Even now, her writing goes hand-in-hand with how I remember her: graceful and neat. She left behind that permanent imprint of her 90 years on the planet. My nan’s lovely cursive resides on the backs of family photos. It lives inside the letters we keep as treasures under the lid of the piano stool at mum’s house. The seat of our family.
My own handwriting is as erratic as a chicken scratch. I’m so out of practice I can barely jot down half a page without writer’s cramp. I used to write my television stories long-hand on spiral notebooks, a welter of script. I sweated on the fire escape stairs outside the newsroom, scribbling away as deadline approached. Sentences that didn’t sound right when spoken aloud were roughly scrubbed out in favour of rhythmic ones. Sudden brainwaves would force themselves onto the pad, squeezed into margins – a scrawl legible only to me. It was always a race to see whether inspired thoughts would vaporise before I could get them on paper.
No such trouble now. My laptop and I are intimates. My fingers fly over the keys – brain and hands finally in unison. Typing fast feels masterly. With such mechanical clarity, should I ever bother with pens?
My children won’t remember life before the internet. Their ideas will be pressed onto paper by the clicking of keys rather than the scratching of biros. For them, postcards will be quaint reminders of holidays before Facebook.
In high school French I decided my number 7 needed the European sophistication of a cross bar.

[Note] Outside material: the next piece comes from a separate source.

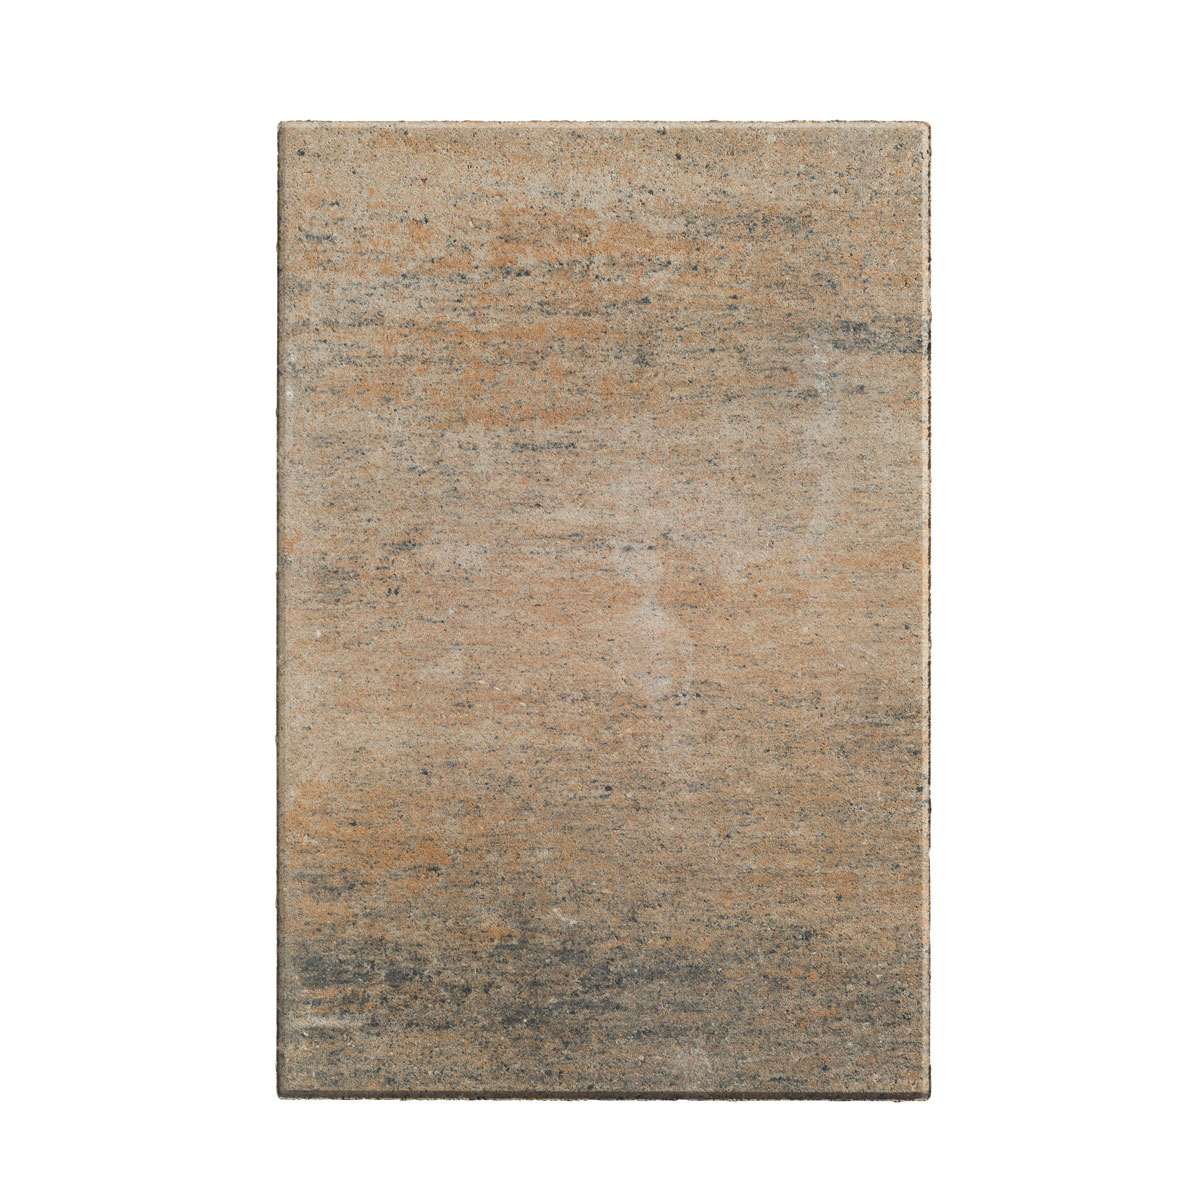 Diephaus Terrassenplatte No.1 Edition 60 x 40 cm Muschelkalk, mehrfarbig, 60x40

I was a maths dunce but with one horizontal stroke, I became numerically glamorous – those 7’s of mine were so continental they could have been smoking Gauloises and eating croissants. Smitten, I have written my 7’s with a bar ever since: seventh heaven!
As classmates, we took great pains to graffiti our fanciest handiwork all over each others’ diaries. We changed our writing styles as often as the hems on our pleated beige dresses. Even now, I can instantly picture the cursive of my closest school friends: all those birthday cards and books gifted with their funny, affectionate inscriptions.
Curious, I don’t know the handwriting of newer friends. We talk and text and email, but don’t pen notes. Will their writing be bold or slap-dash or in beautiful italics? Are they right-handed or mollydooker? I’d like to know.
My husband hides a handwritten note each time he creeps out of the house at dawn for the airport. I wake up in our bed and feel less empty for the small thrill of finding his letter. Usually it’s tucked under my laptop or in the Cornflakes box. Silly I know, but it’s comforting to see the essence of him on paper, a billet-doux tiding me over until his return. I return the favour by planting an even more effusive love letter in his suitcase. (I usually wrap it around nasty household bills, each one annotated with a love heart in the hope he’ll pay them and leave me flush with cash.)
Now I’m mourning a graceful skill that has had its day. Handwriting is an art because expressing ourselves in ink is an exercise in restraint. Even a rude letter starts with ‘Dear…’ before roasting the recipient. How many times have I dashed off an email forgetting my hasty reply might be mistaken for bluntness – I’m always embarrassed at sounding impolite. Perhaps I need to slow down and reacquaint myself with the gentleness of handwriting. If I concentrate, I might even be able to make it legible.